To develop empirical relationships (models) between winds and transport (upwelling-downwelling, across-shelf and alongshore currents, counter currents).
To identify similarities/differences in: Variability, including latitudinal differences, in HAB assemblages and their relationship to the physical-chemical environment (empirical or probabilistic relationships).
To establish the extent to which the dynamics of HABs are influenced by the physical transport of HAB populations versus the modification of environmental conditions via transport mechanisms.
Approach and workplan
Two phases are identified:
First Phase (comparative analysis of historical and ongoing records)
Wind regimes: analyze wind records from different locations within each system.
Circulation patterns: analyze current records, buoy deployments with meteorological and physical-biological sensors, drifters, models, and remote-sensing facilities.
Databases: compile historical data obtained from mesoscale and short-term cruises and monitoring programmes to determine the hydrographic fields and the temporal and spatial distributions of phytoplankton, with an emphasis on HABs.
Second phase (depending on the outputs of the first phase)
To design multidisciplinary large and mesoscale field observations during the HAB season (spring to autumn) to identify areas of higher HAB prevalence.
To plan multidisciplinary cruises of short duration to specifically address the transport of HABs. For example, a series of across-shelf transects could be occupied alongshore during a HAB event to document transport processes.
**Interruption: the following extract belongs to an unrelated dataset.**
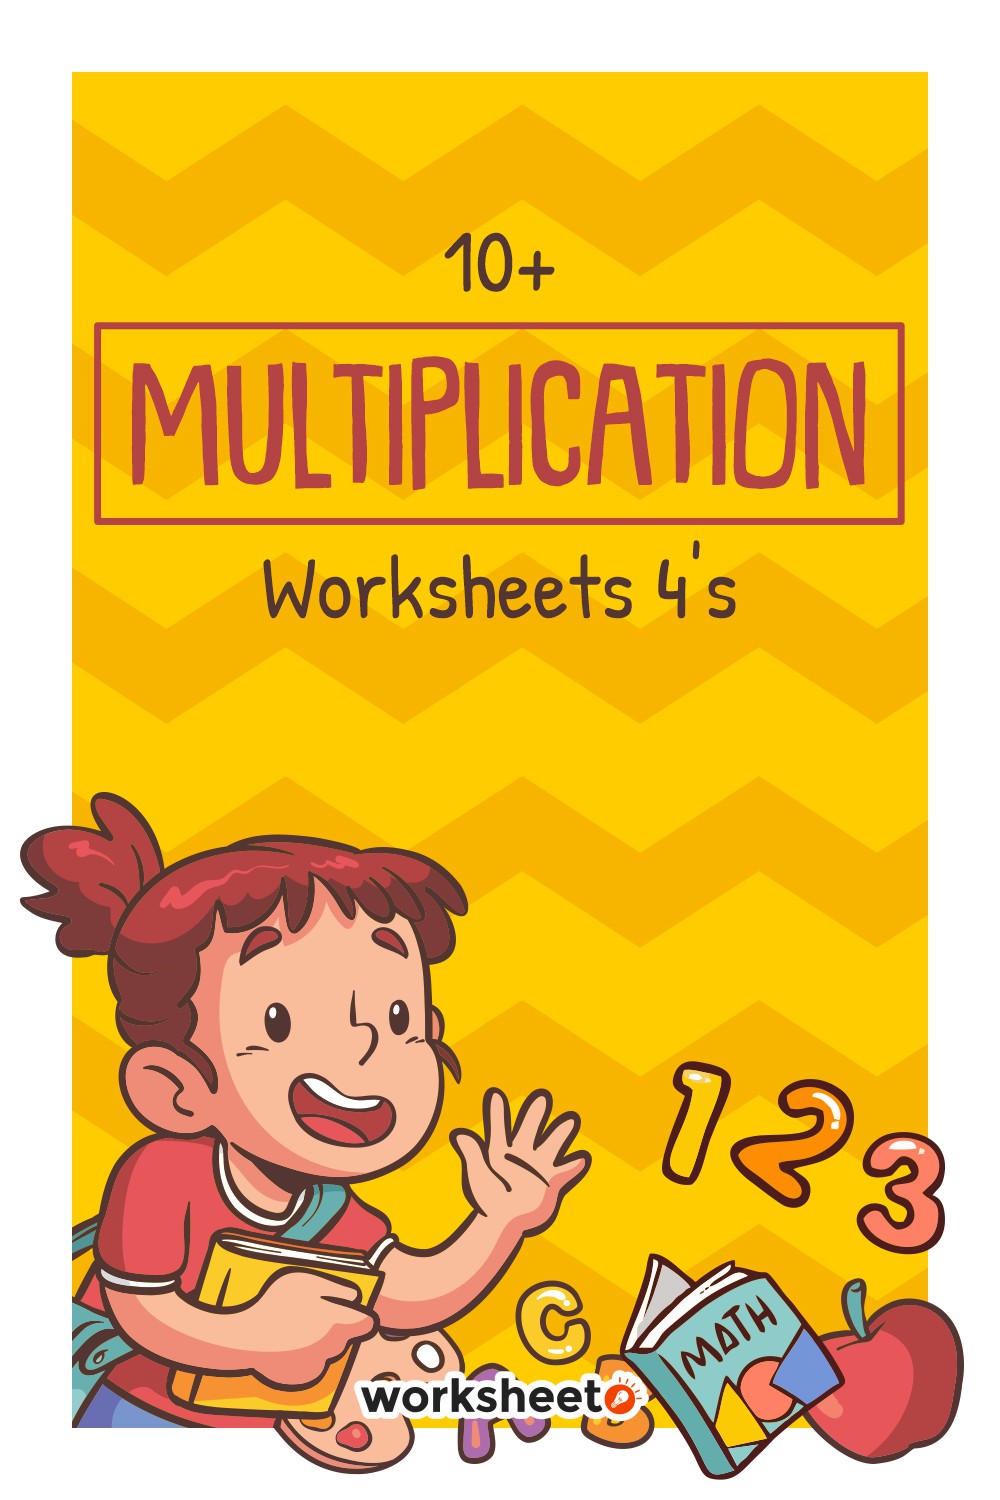 11-multiplication-worksheets-4s-worksheeto

Genetic identification of populations may assist in determining if populations or conditions propagate alongshore.
1] To determine the relative importance of alongshore and across-shelf and poleward vs. equatorward processes in the accumulation, transport and dispersion of HABs and/or toxicity in the four eastern boundary upwelling regions.
2] To model and forecast the appearance of HABs (toxicity) in coastal environments.